Internationalization support
I cannot find anything related to internationalization support neither in the documentation nor in the code itself. What is the status of internationalization support in dicomParser ?
I have not checked but I suspect some string won't play well with JSON which is limited to UTF-8 /UTF-16/UTF-32 strings.
Ref:
Here is what I get using the DICOM Dump to JSON live example:

while it should look like:

ref:
readFixedString does not seems to check the value for SpecificCharacterSet (0008,0005) as seen at:
- https://github.com/cornerstonejs/dicomParser/blob/82573d94342e12b4bae4fcd2e93f91bb061474cf/src/byteArrayParser.js#L29-L37
refs:
- http://dicom.nema.org/medical/dicom/current/output/chtml/part03/sect_C.12.html#table_C.12-1
- http://dicom.nema.org/medical/dicom/current/output/chtml/part03/sect_C.12.html#sect_C.12.1.1.2
@malaterre Currently dicomParser itself doesn't do any character set decoding. However, if you need it now, you can pair dicomParser with the dicom-character-set library that I wrote.

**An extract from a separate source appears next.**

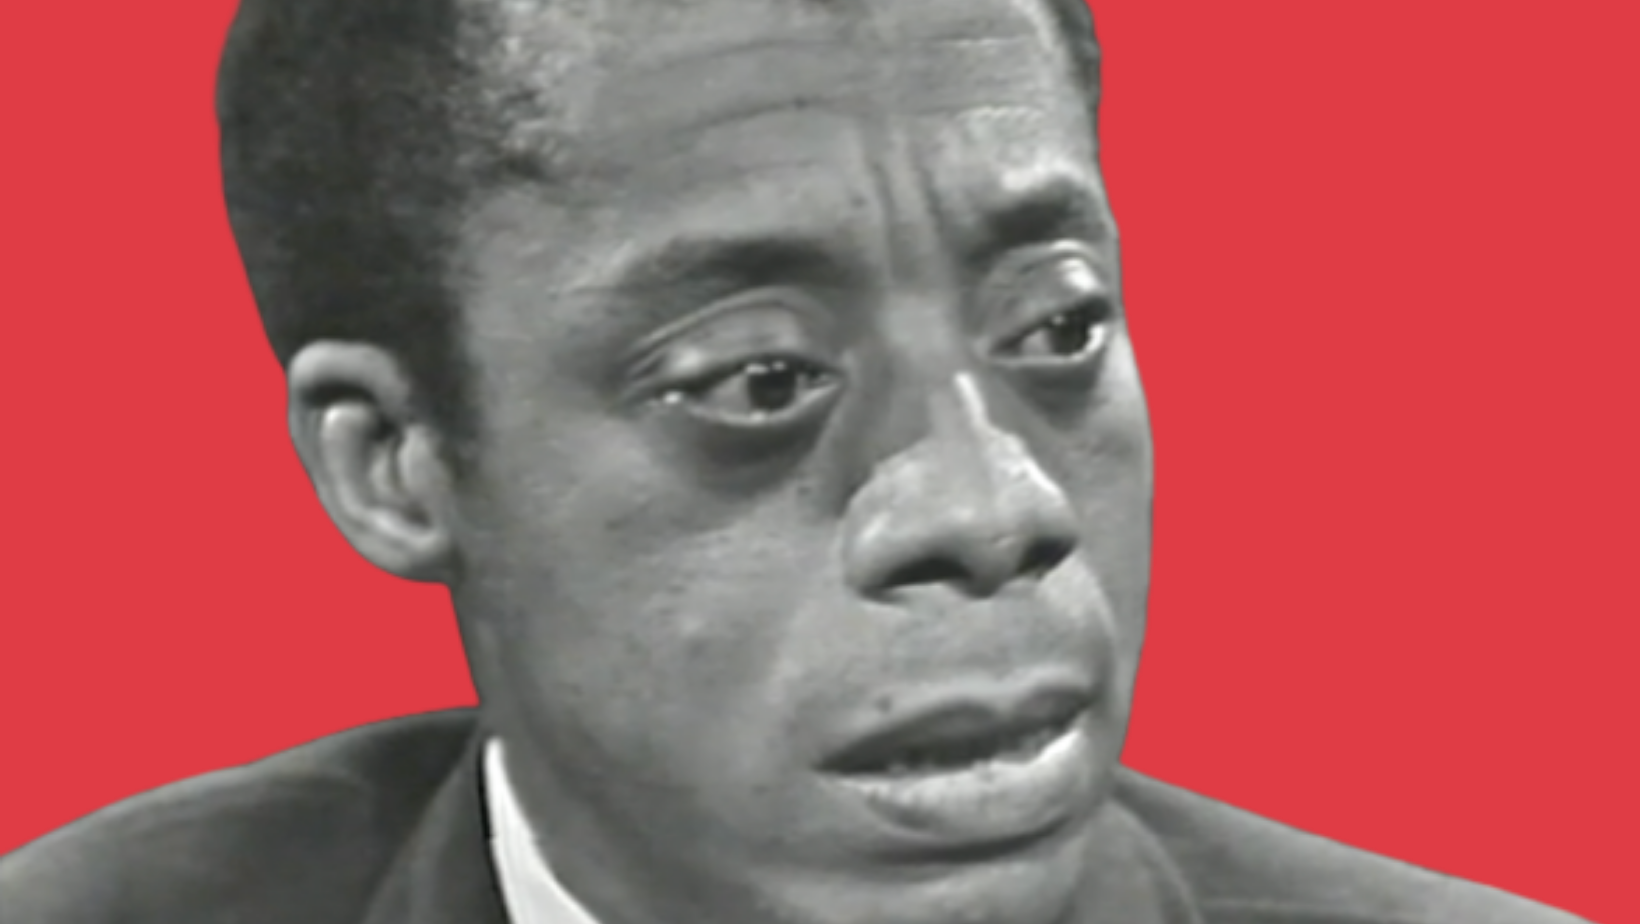 James Baldwin Confronts the Realities of Race in America pic

@yagni That looks pretty promising. One thing I still fail to understand. The original string function from dicomParser seems to be doing the following:
- Take raw byte
- Consider it as ISO-8859-1 character, turn it into UTF-16
- Return a truncated string (stop at first byte === 0)

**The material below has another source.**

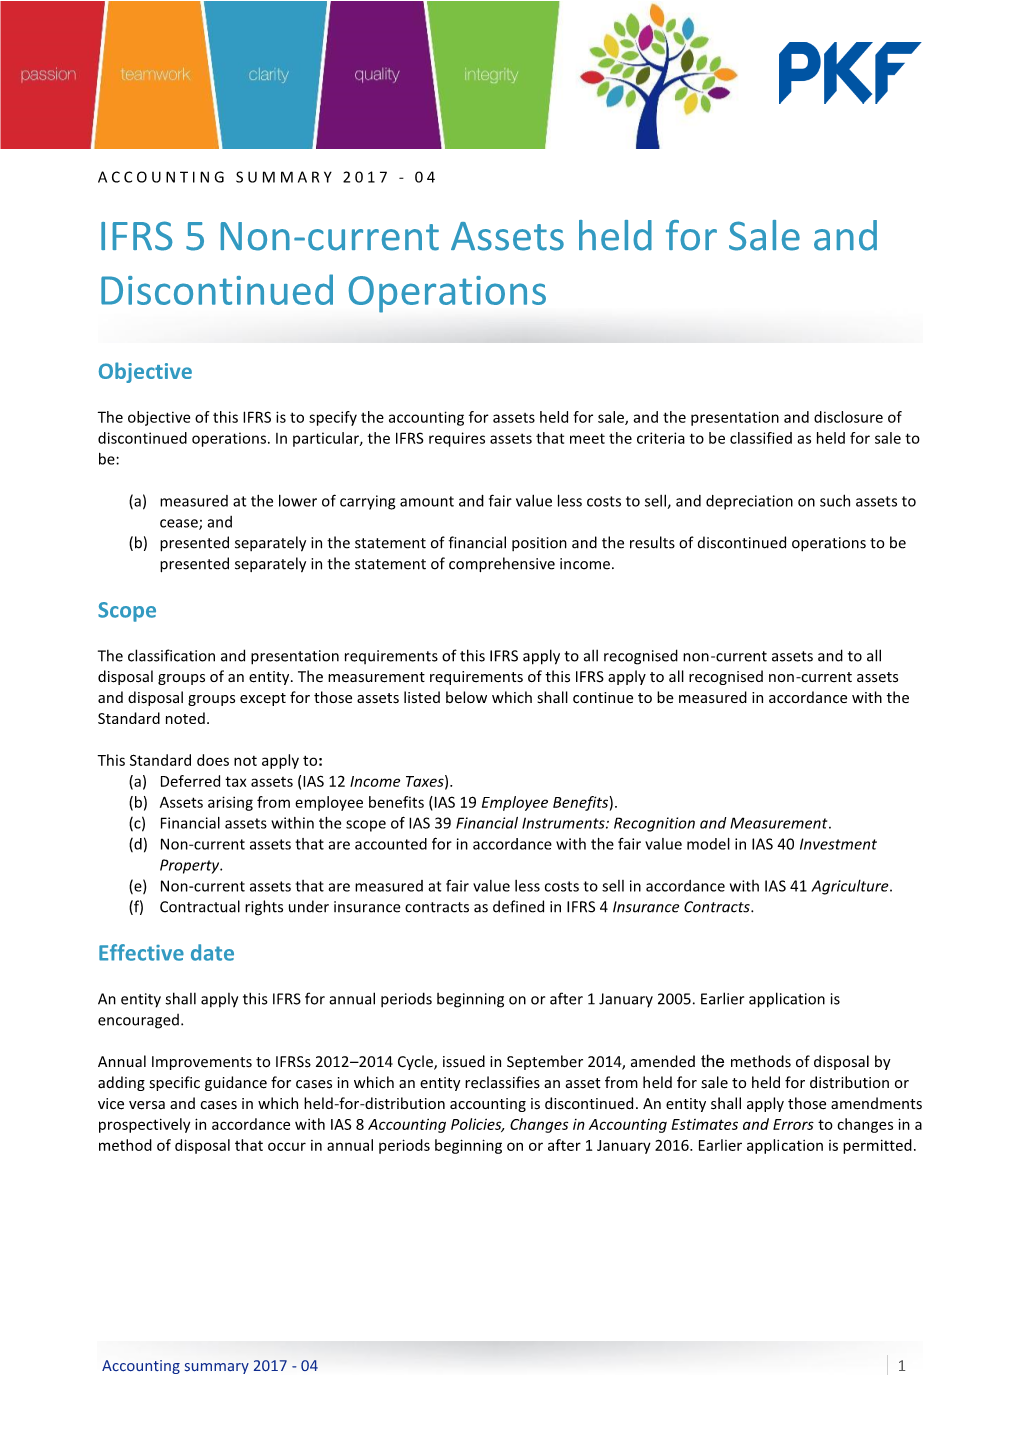 IFRS 5 Non-Current Assets Held for Sale and Discontinued Operations

So I am wondering what is the expected input to your library ? Can I pass directly the output of string element function ?
I didn't have any experience with DICOM character sets so didn't factor it into the original design. I like the idea of putting it in a separate library like @yagni did so it can be added in for those that need it. I specifically didn't add image decompression to this library for the same reason.
@chafey I am pretty sure that this test is just wrong:
if (byte === 0) {
This feel like a c-string ASCII ending. I am sure we can have byte===0 in unicode (we should only rely on the length).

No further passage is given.